This presents a de novo genome assembly of Leptodactylus fuscus. High molecular weight DNA was extracted from a L. fuscus embryo which had been preserved in ethanol upon collection in Garzón, Huila, Colombia. The library was prepared and sequenced with 10X Genomics Chromium. Linked reads were processed by Long Ranger basic v2.2.2 and assembled with Supernova v2.1.1. The assembled genome is 2.42 Gb with 16,530 scaffolds >=10 kb, and scaffold N50 = 363 kb. The assembly size of contigs larger than 10 kb (1.26 Gb) is about half of the estimated genome size (2.4 Gb). 72.6% of the BUSCO Tetrapoda gene annotations (version odb10) were identified.

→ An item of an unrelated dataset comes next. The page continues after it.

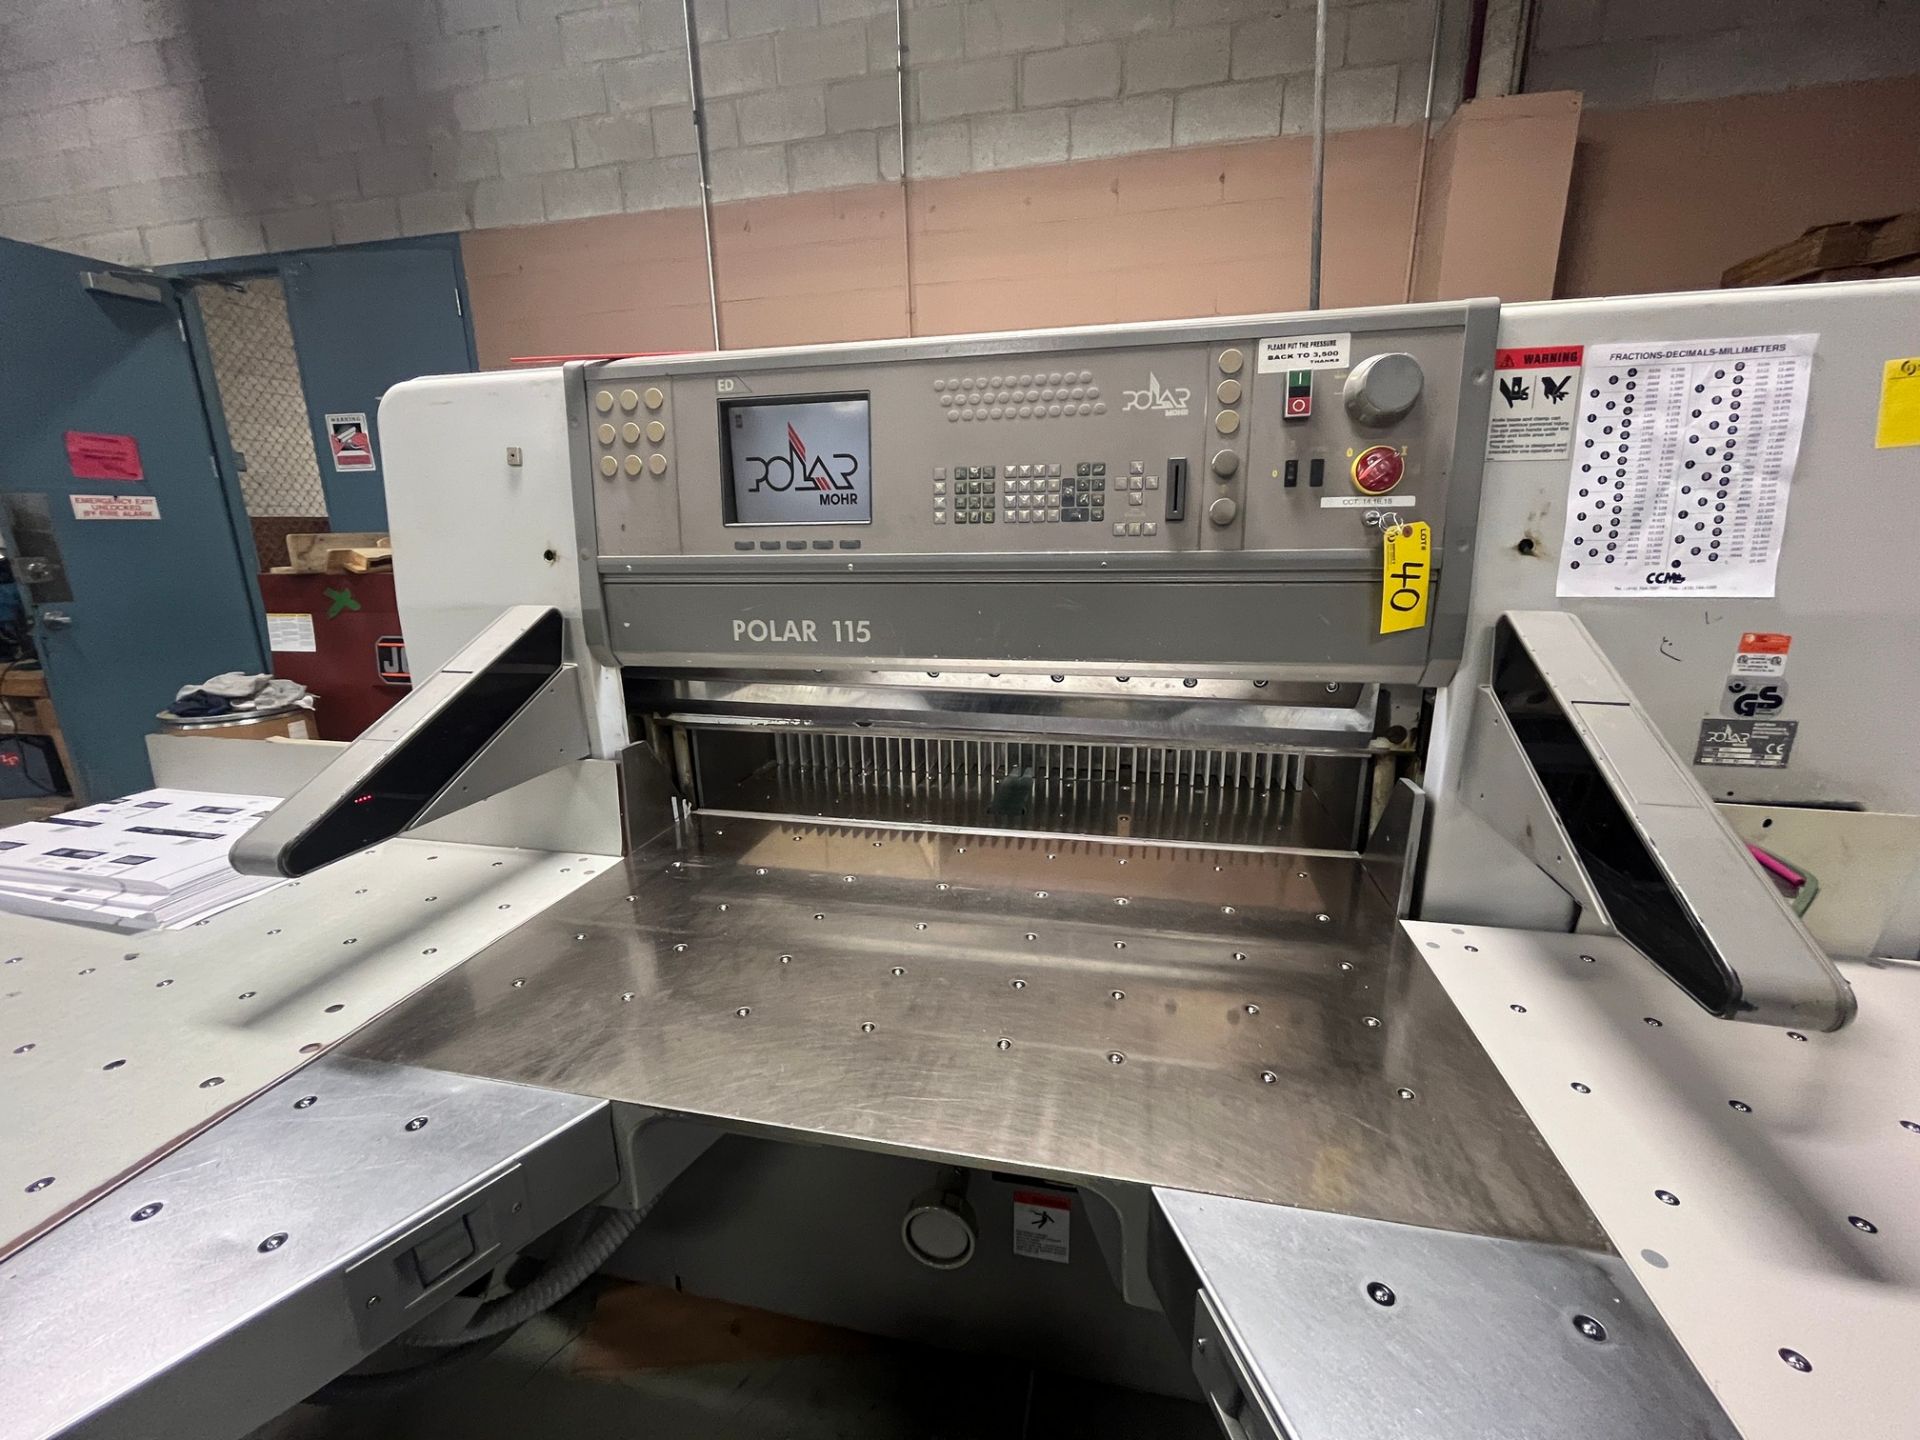 2000 POLAR MOHR 115 ED 45” PROGRAMMABLE PAPER CUTTER / GUILLOTINE CUTTER, S/N 7031262 - Image 3 of 5

High-molecular-weight genomic DNA was isolated from a single Leptodactylus fuscus individual and used to prepare a 10x Genomics Chromium library that was sequenced on Illumina HiSeq X sequencer (HudsonAlpha Institute of Biotechnology, Alabama, USA.). Barcodes were removed using the Long Ranger basic v2.2.2 (https://support.10xgenomics.com/genome-exome/software/downloads/latest). Trimmed reads were used for k-mer estimation in Jellyfish (v2.2.7). The k-mer (k=21) frequency distribution was processed in GenomeScope to estimate the genome size, heterozygosity, and percentage of repeat content. The linked-reads were assembled using the Supernova v2.1.1 assembler using default settings and the “–accept-extreme-coverage” flag. A summary of the assembly is provided in the Table S3 of the associated publication. The assembled genome is 2.42 Gb (16,530 scaffolds >=10 kb, scaffold N50 = 363 kb) and was outputted in the pseudohap2 format. The assembly size of contigs larger than 10 kb (1.26 Gb) is only ~1/2 of the estimated genome size (2.4 Gb). Effective depth coverage (48X) was in the middle of the recommended range (38-56X) which may have limited the success of the assembly. The completeness of the genome assembly was assessed using Benchmarking Universal Single-Copy Orthologs (BUSCOs, v4.0.5), and 72.6% of the BUSCO Tetrapoda gene annotations (version odb10) were identified.

1. The assembly is outputted in the pseudohap2 format. Other formats like megabubbles and pseudohap are also available upon request. 

2. The coverage of this genome to be ~50X which is within the recommended sequencing depth of 38-56X coverage. However, a flag "--accept-extreme-coverage" was used for assembling because dropping it caused the assembler to crash. While we tested other methods, like increasing the memory, only adding –accept-extreme-coverage seemed to resolve the issue.